Column: A Quiet Revolution in EMR Usability
Recently, Shahid Shah, CEO of Netspective Communications, argued in this journal that physicians have shied away from electronic medical records (EMRs) because they have a negative impact on productivity.1
“It’s not about the money… money being thrown at physicians won’t solve bad [EMR] design,” said Shah, who was referring to HITECH, the federal government’s incentive plan to accelerate their adoption. “If vendors respected service and product improvement as much as chasing new sales, [they would produce] minimally time-consuming software.”1
Shah’s summary of the user experience with legacy EMRs is spot on. In fact, he may have understated the problem. Poor usability associated with legacy EMRs not only reduces physician productivity, it can harm patients as well.2
Scores of reports on file at the Food and Drug Administration (FDA) prove that poor EMR usability can injure or kill patients. In one case, a hospital worker’s misinterpretation of a tiny font on an EMR screen led him to dispense ten times the prescribed dose of a medication. The error caused the patient to have a heart attack.2
In other instances on file with the FDA, “user unfriendly interfaces” and “extraneous and distractive” information caused pharmacists to miss changes in medication orders. In one case, the result was a “life threatening acute asthma attack.”3
Nevertheless, I remain optimistic that EMRs will soon achieve their potential to improve quality and efficiency in health information documentation. In fact, they are well on their way to doing so.
Improving EMR Usability
Let’s be clear. Legacy EMR vendors know their products have usability problems. In fact, Healthcare Information and Management Systems Society (HIMSS)—a legacy vendor trade group—said as much in its recent Task Force Report3 on the subject, the principal conclusion of which was:
“EMR adoption rates have been slower than expected in the United States, especially in comparison to other industry sectors and other developed countries.

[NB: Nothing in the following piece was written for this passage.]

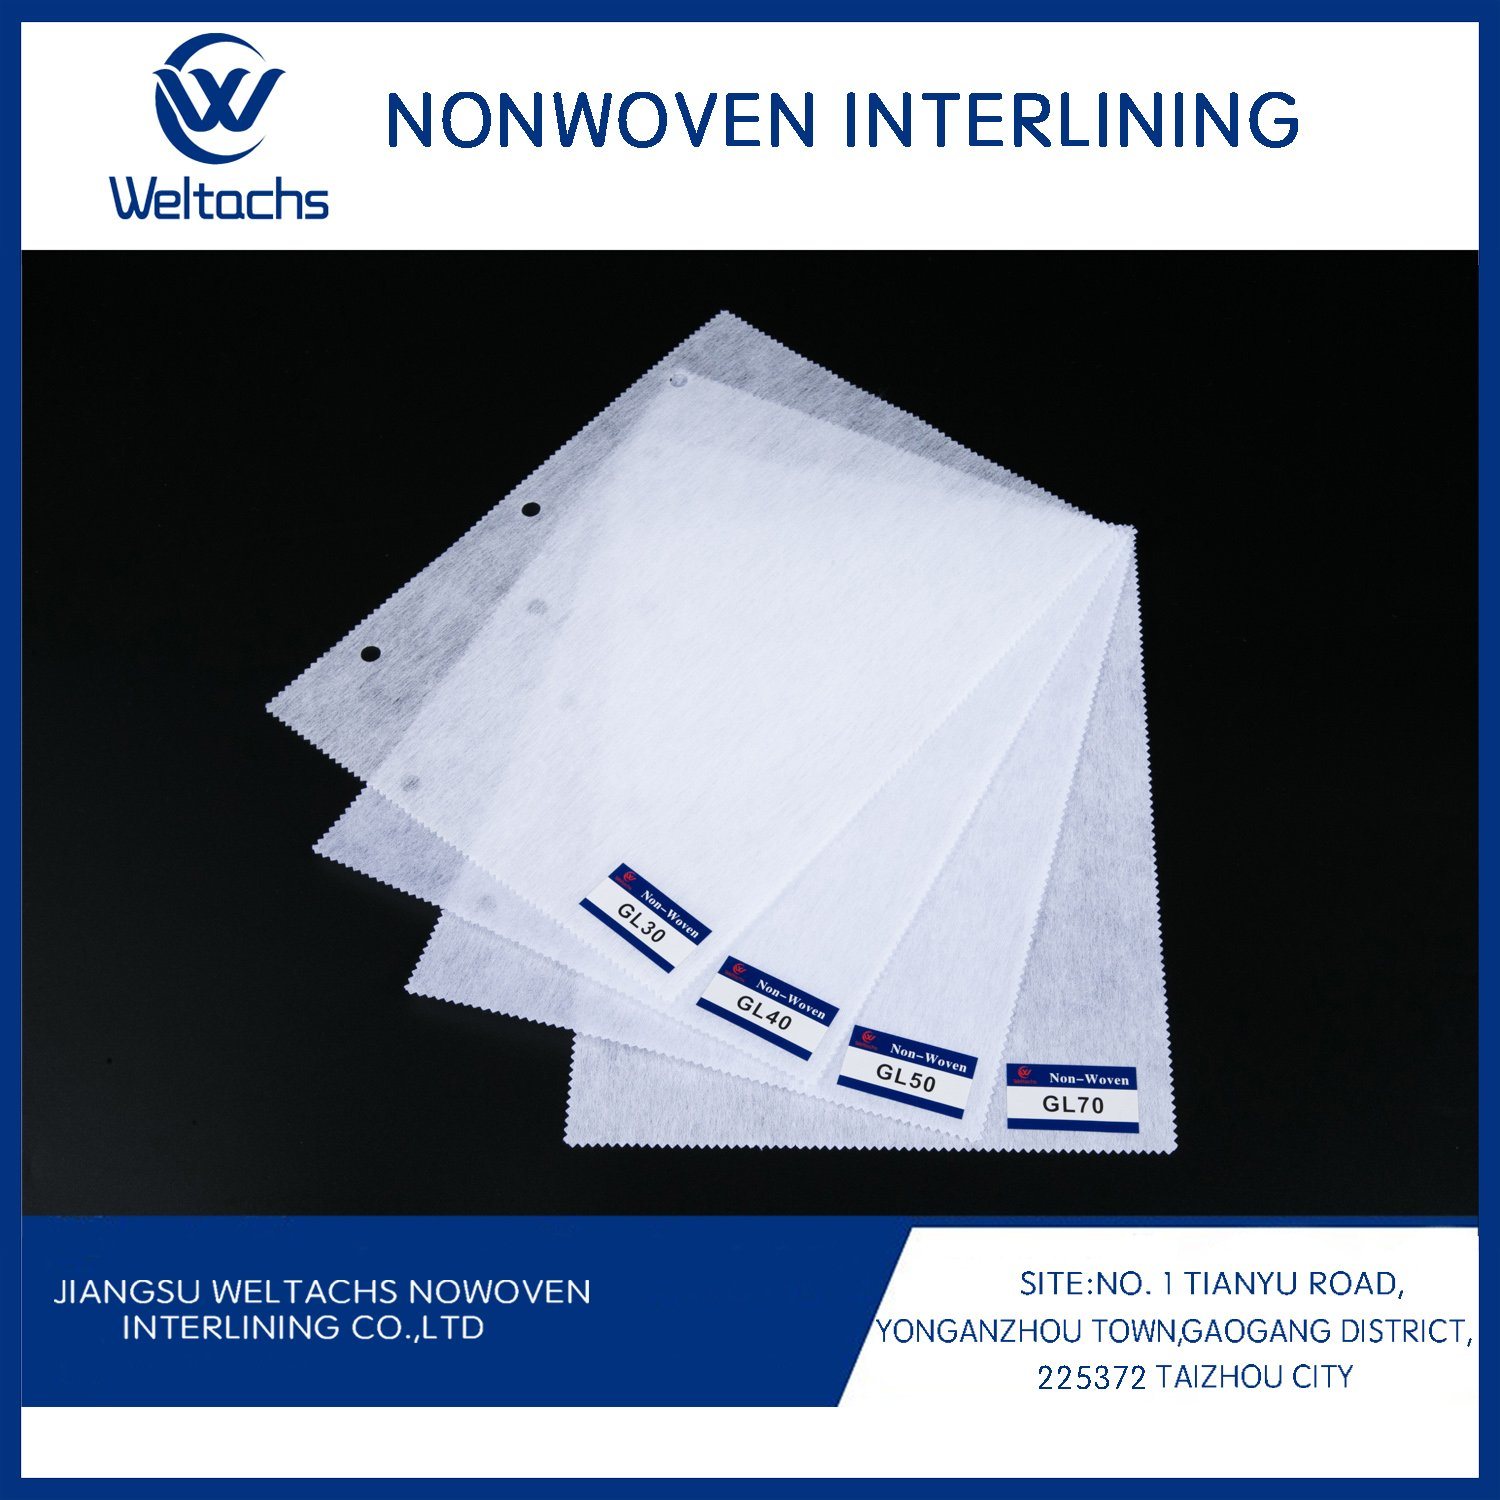 Hot Sale Dubai Magic Nonwoven Interlining PVA Hot Water Soluble Paper Dissolving in Water After Embroidery for Pakistan Market
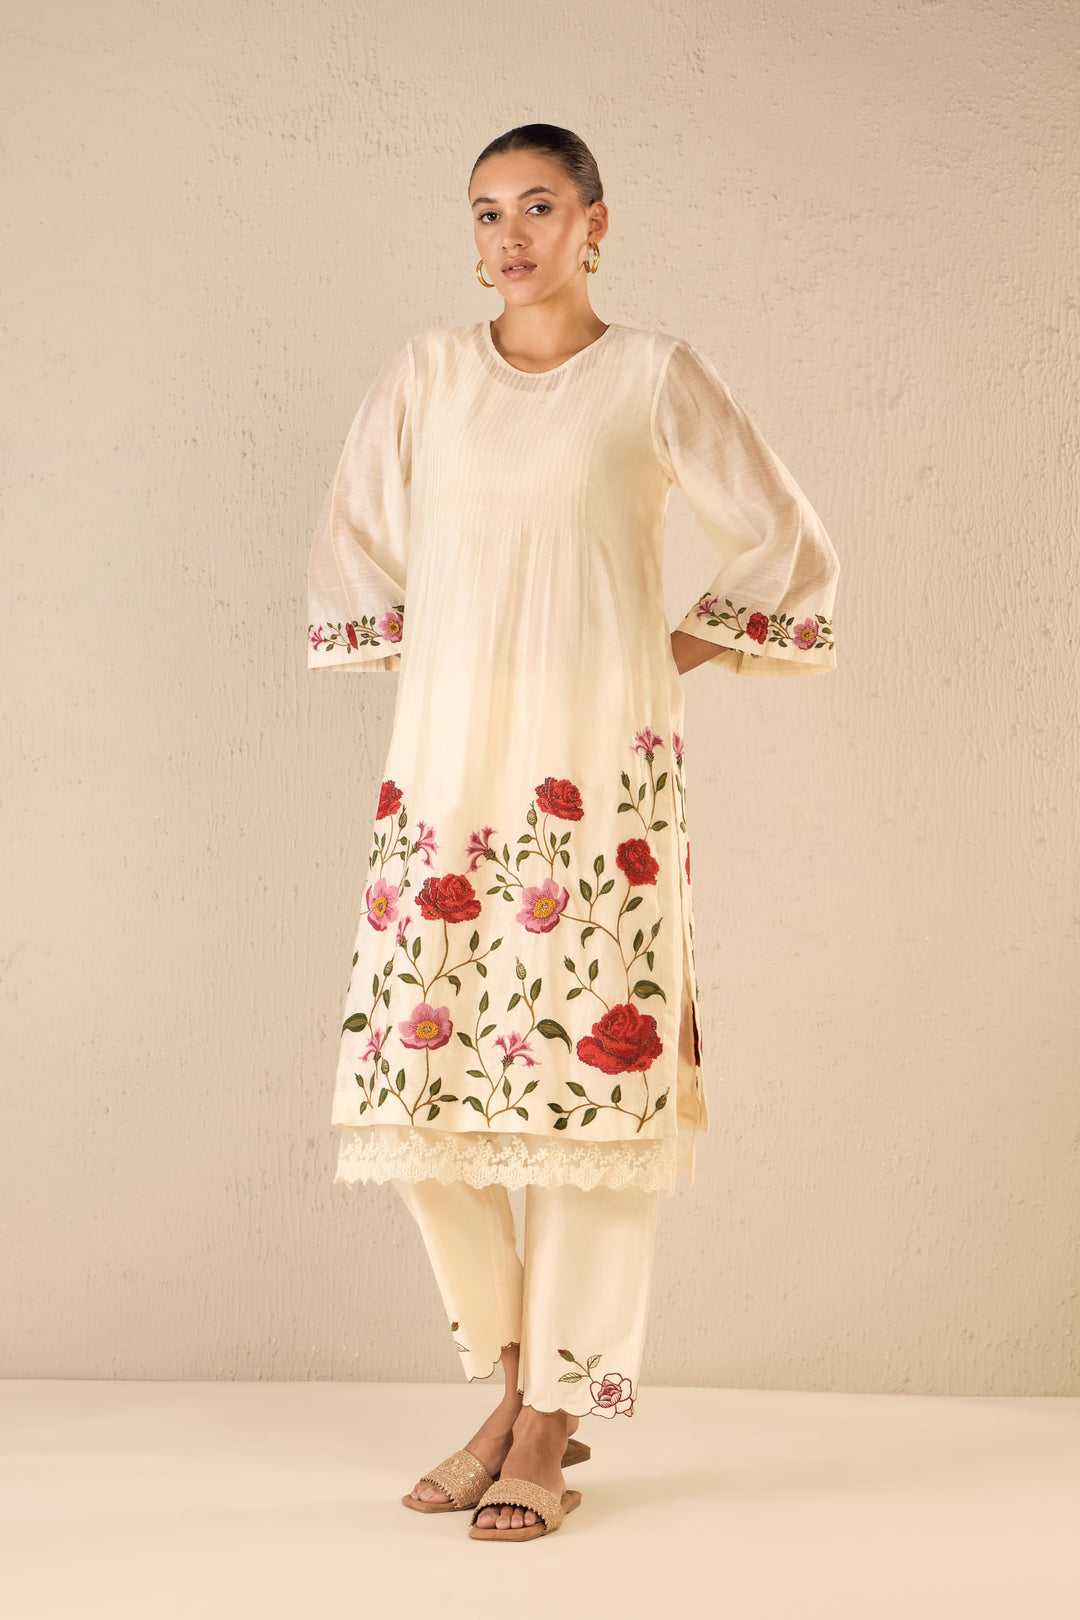 GARDENIA CHARM: IVORY FLORAL EMBRIODERY JAAL KURTA WITH IVORY EMBROIDERY SCALLOPED PANTS & IVORY CHANDERI FLORAL EMBROIDERY SCALLOPED DUPATTA

A key reason, aside from initial costs and lost productivity during EMR implementation, is lack of efficiency and usability of EMRs currently available.”3
Yet, according to an Agency for Healthcare Research and Quality (AHRQ) funded study of certified EMR vendors, formal usability testing procedures, employment of user-centered design principles and specific resource personnel with expertise in usability engineering are not common among EMR vendors.4
Why would EMR vendors fail to improve the usability of their products when it appears to be in their best economic interests to do so? Are technical challenges too great given the 80’s and 90’s vintage IT architecture underlying many legacy EMR products? Do they worry that their customers will balk at the costs and operational difficulties associated with updating disparate servers and re-training users?
Certainly the reason cannot be that physicians’ cognitive workflows, or workflows of health systems in which they function, are too complex to permit significant improvements. We know this cannot be true because companies whose products support similarly complex workflows in other industries, such as nuclear power and aviation, have made stunning advancements in the usability of their products in just the past decade.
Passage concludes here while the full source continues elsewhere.